While this situation provides an additional hurdle to overcome, the Company continues to believe there is significant growth potential for Ameristar at this location as it begins to leverage its operating and marketing strategies. The Company is already beginning to redirect the property's marketing and promotional activities to maximize East Chicago's revenue and profitability, replicating the strategies that have proven successful at Ameristar's other properties.

Immediately after closing of the acquisition, Ameristar also began making initial improvements to the property, including changing the slot machine mix and layout of games and making enhancements to the food and beverage venues to bring them up to Ameristar's standards.

The Company continues to expect capital expenditures for these upgrades to the property will be in the range of $20 million to $25 million. One-time expenses in connection with the integration, enhancement and rebranding are expected to total between $5 million to $7 million, inclusive of the $0.3 million incurred in the 2007 third quarter.

Upon completion of the property upgrades and the implementation of its operating and marketing programs, the Company will launch the Ameristar brand in the Chicagoland market no later than the third quarter of 2008. The property's competitiveness in this underserved and attractive market is expected to progressively increase as the implementation of Ameristar's operational and marketing approaches and the facility upgrades are completed.

Expansion Projects

St. Charles. The Company's major development project at its Ameristar St. Charles property was originally scheduled for a December 2007 completion and opening. However, recent delays have been encountered on the project, which the Company is addressing through negotiations with its general contractor. Work is continuing on the project, which includes a 25-story, 400-room all- suite hotel with an indoor/outdoor swimming pool and a 7,000-square-foot, full-service spa. Management is focused on resolving the outstanding issues facing the project and is seeking to open the hotel, pool and spa as soon as possible without material impacts on the budget or schedule.

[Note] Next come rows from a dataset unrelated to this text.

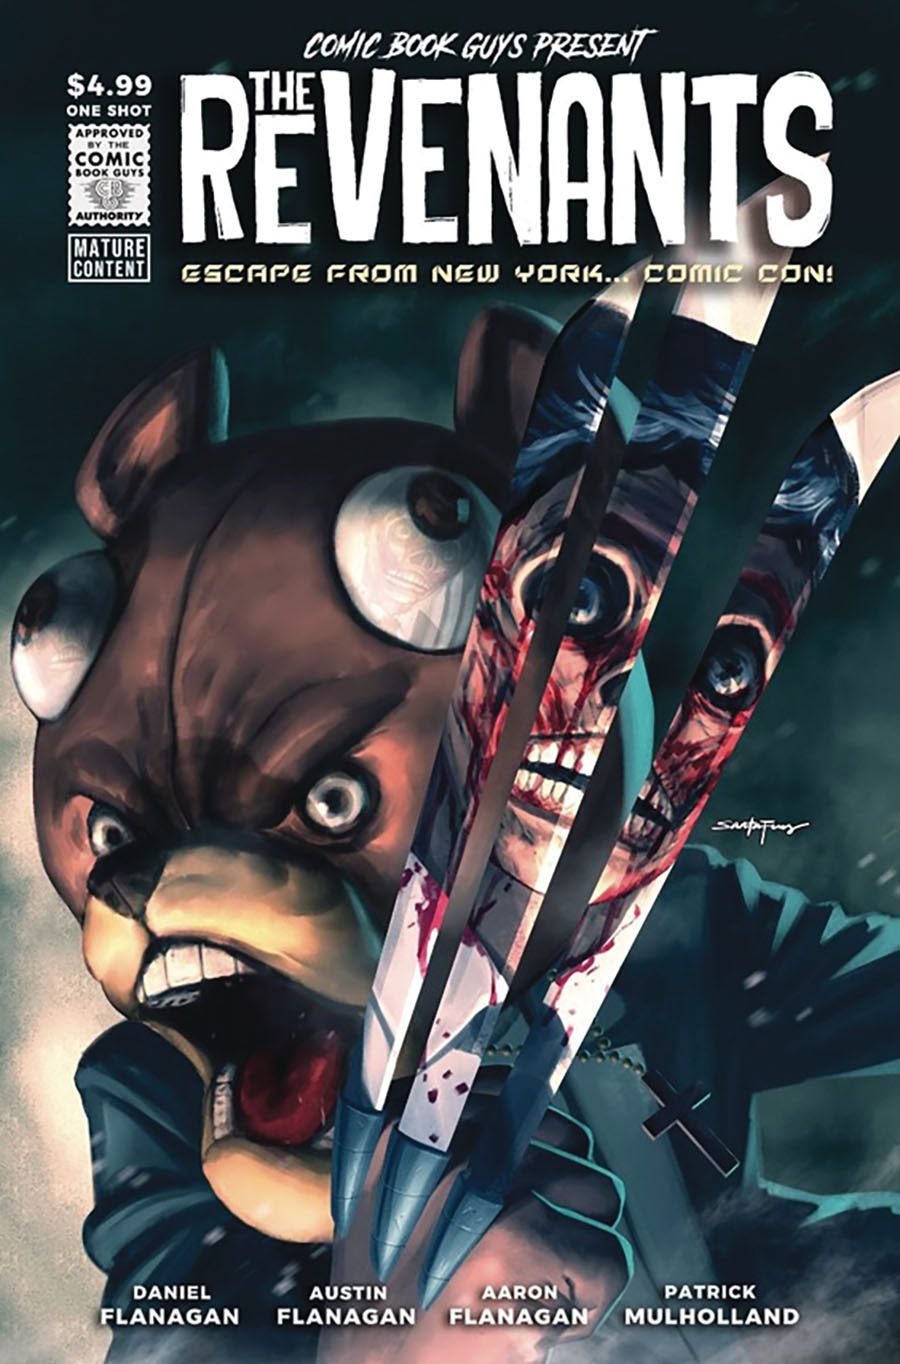 Revenants Escape From New York Comic Con #1 (One Shot) Cover G Previews Exclusive Comic Con Santa Fung Variant Cover
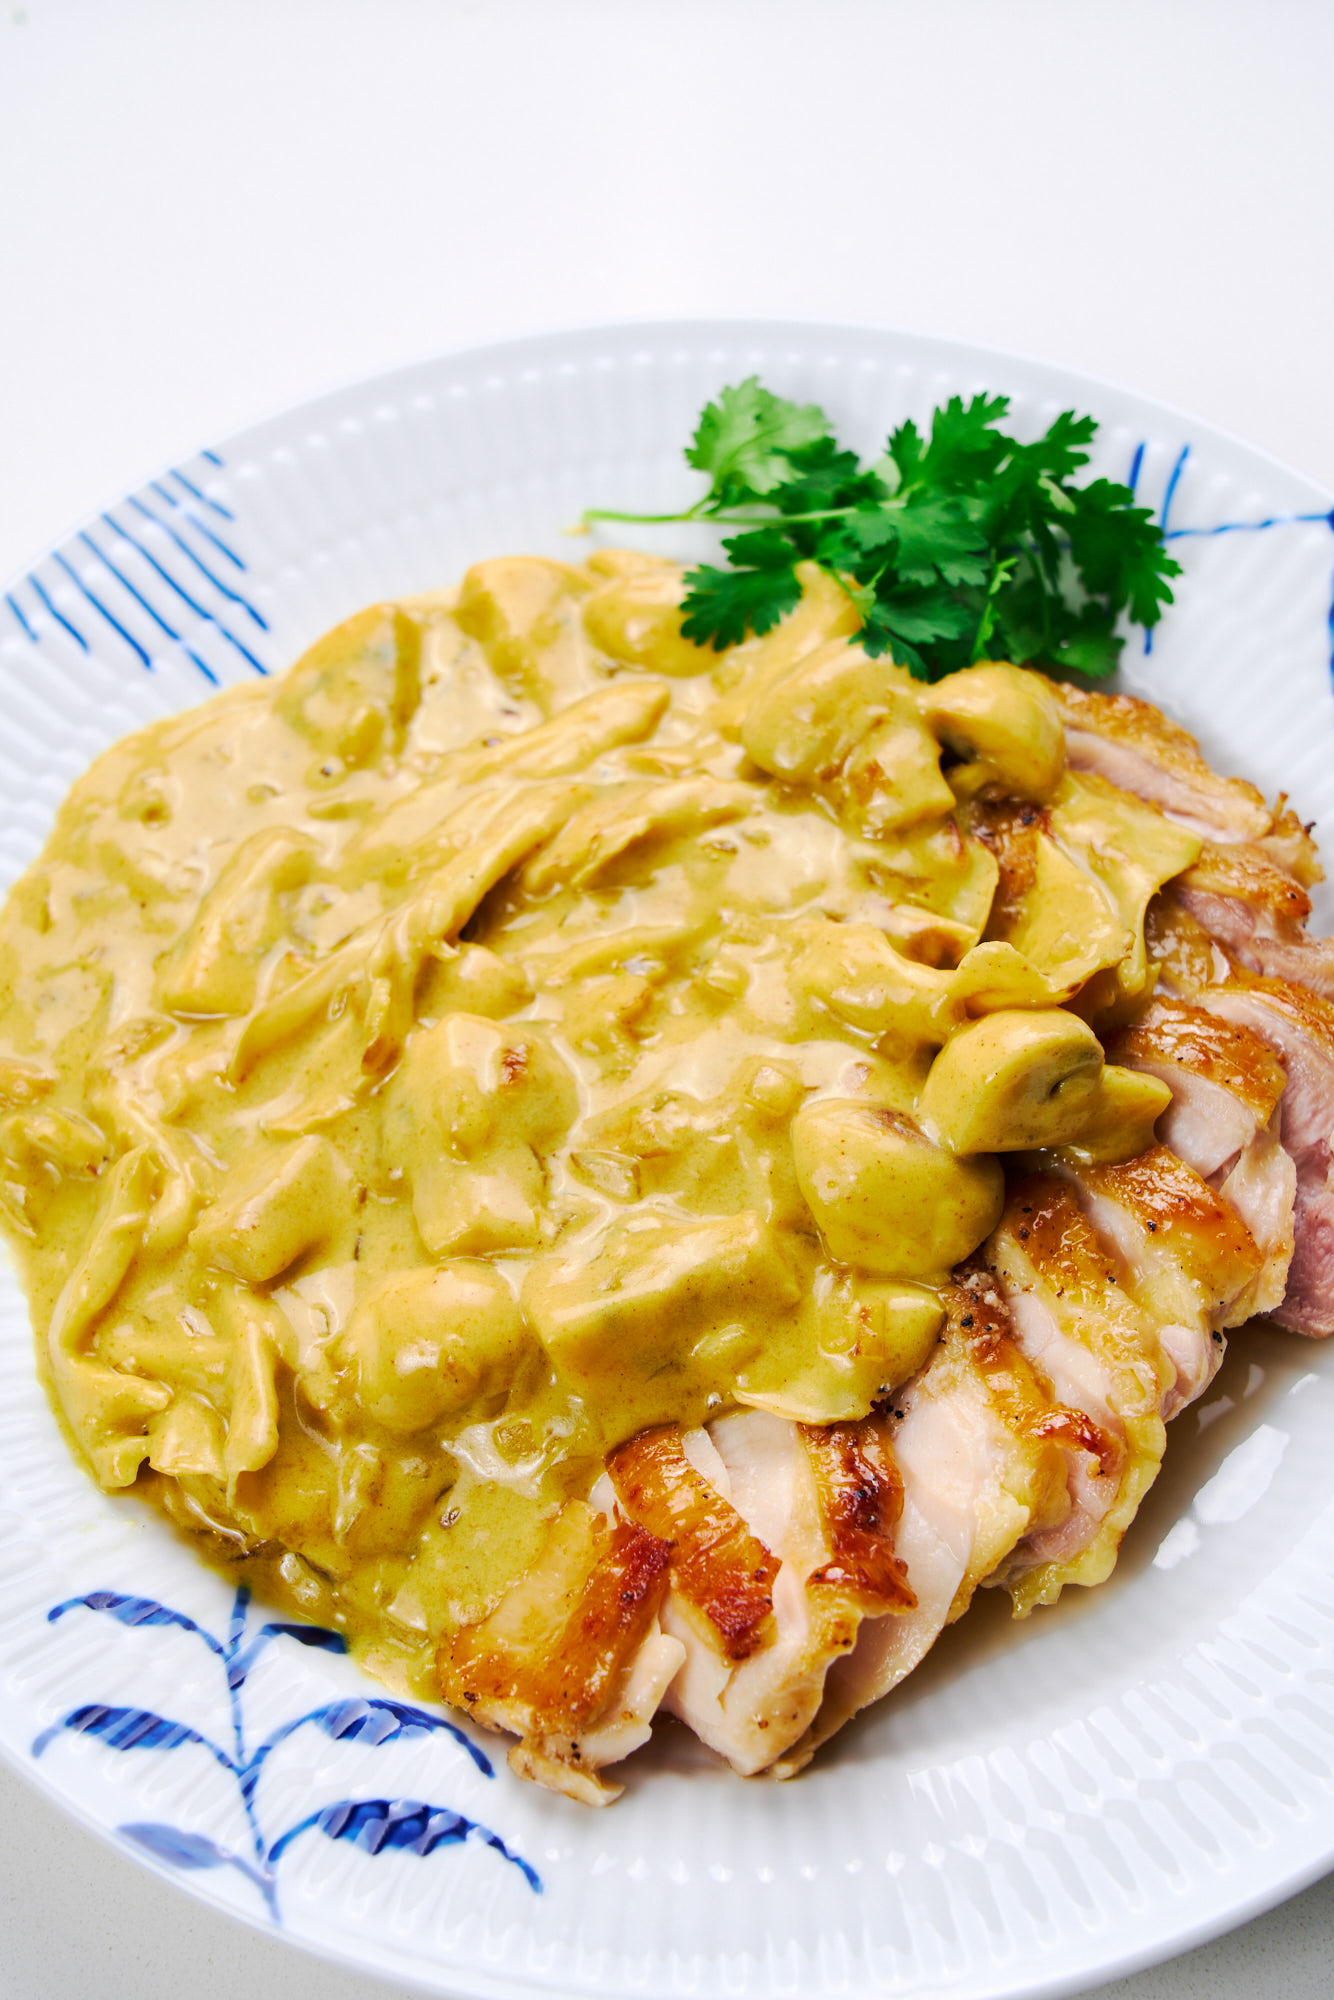 Chicken Steak with Creamy Mushrooms Sauce on a plate.
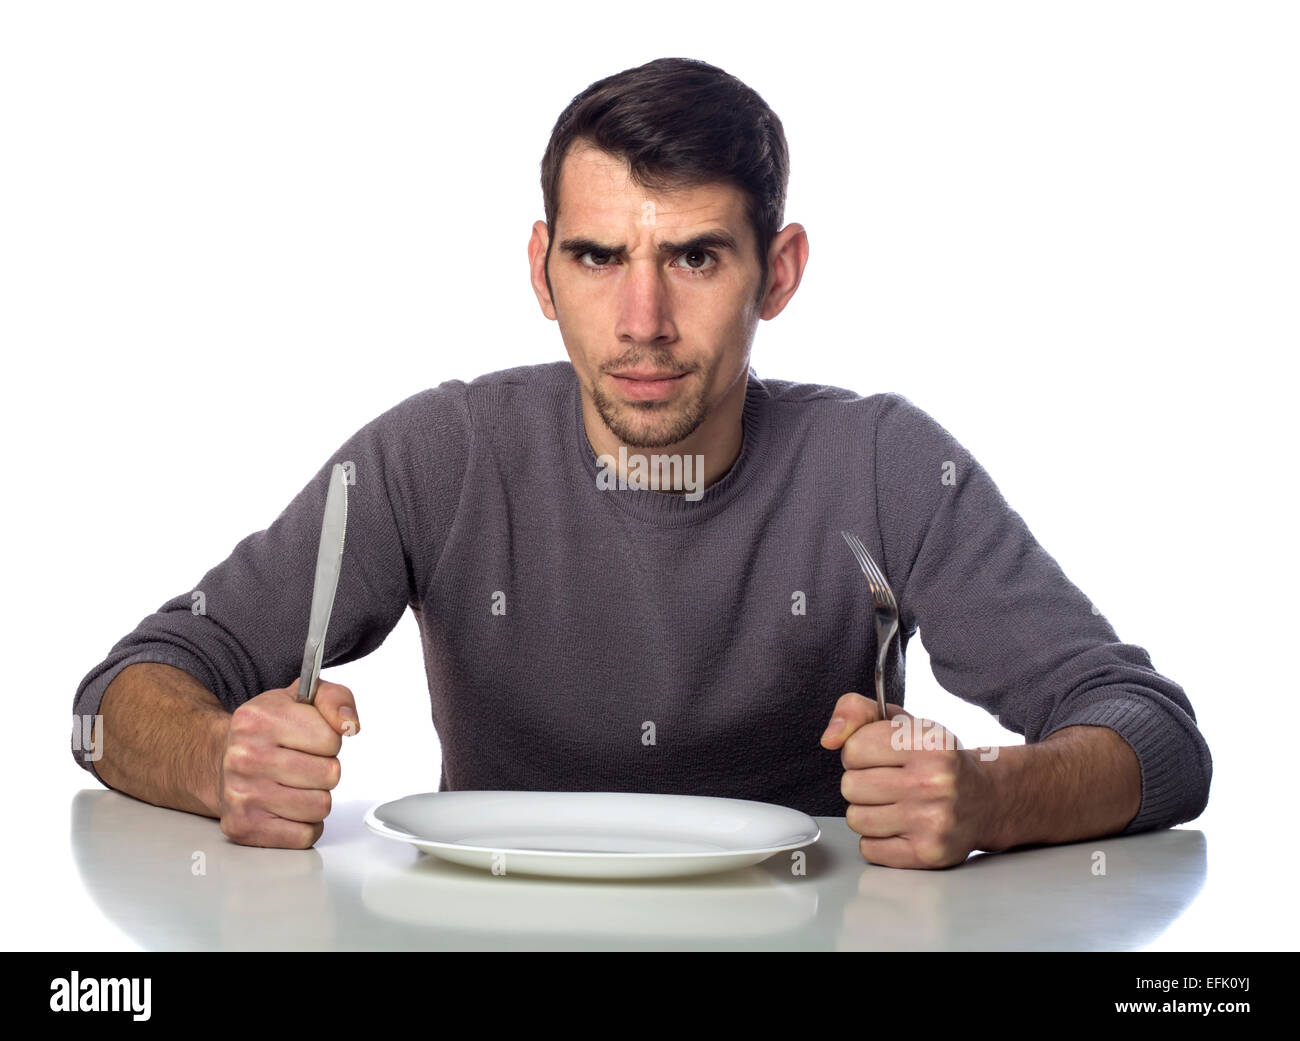 Man at dinner table with fork and knife raised. Hunger strike isolated over white background Stock Photo

Also at St. Charles, the Company is enhancing the casino area by improving flow and layout as well as adding a new casino circle bar. A new entertainment venue -- a stylish, state-of-the-art nightclub -- is also under construction to complement the property's new amenities and broaden consumer appeal. These improvements are scheduled to be completed in December 2007, in time for the holiday season.

Construction work is progressing well on the roadway project to improve the primary access to Ameristar St. Charles. When completed this December, the new boulevard will greatly improve access to the property by accommodating more traffic at peak periods, as well as upgrading the aesthetics of the approach to the property, including improved lighting and landscaping.

Vicksburg. The $98 million project at Ameristar Vicksburg is progressing. Both the 1,000-space parking garage, as well as the expanded gaming facility, which will include 440 additional gaming positions, two new restaurants, a VIP club and retail space, are now scheduled to open in the second quarter of 2008. In addition, the $12 million renovation to the 149-room hotel commenced in August 2007 and is expected to be completed this December.

Council Bluffs. Earlier this year, the Company announced a $100 million expansion plan for its Council Bluffs property. This project will add 60,000 square feet to the existing facility and double the current casino floor square footage. The project, which is in the design stage, is expected to be completed in mid-2009, subject to the receipt of all necessary approvals.

Black Hawk. Construction on the Ameristar Black Hawk 536-room, four- diamond-quality hotel is progressing on schedule, despite previously announced delays due to difficult geological site conditions. Extensive rock excavation and removal, which is making way for work to begin on the main portion of the 33-story hotel tower, is expected to be finished early this month. This project is scheduled to be completed in the second half of 2009.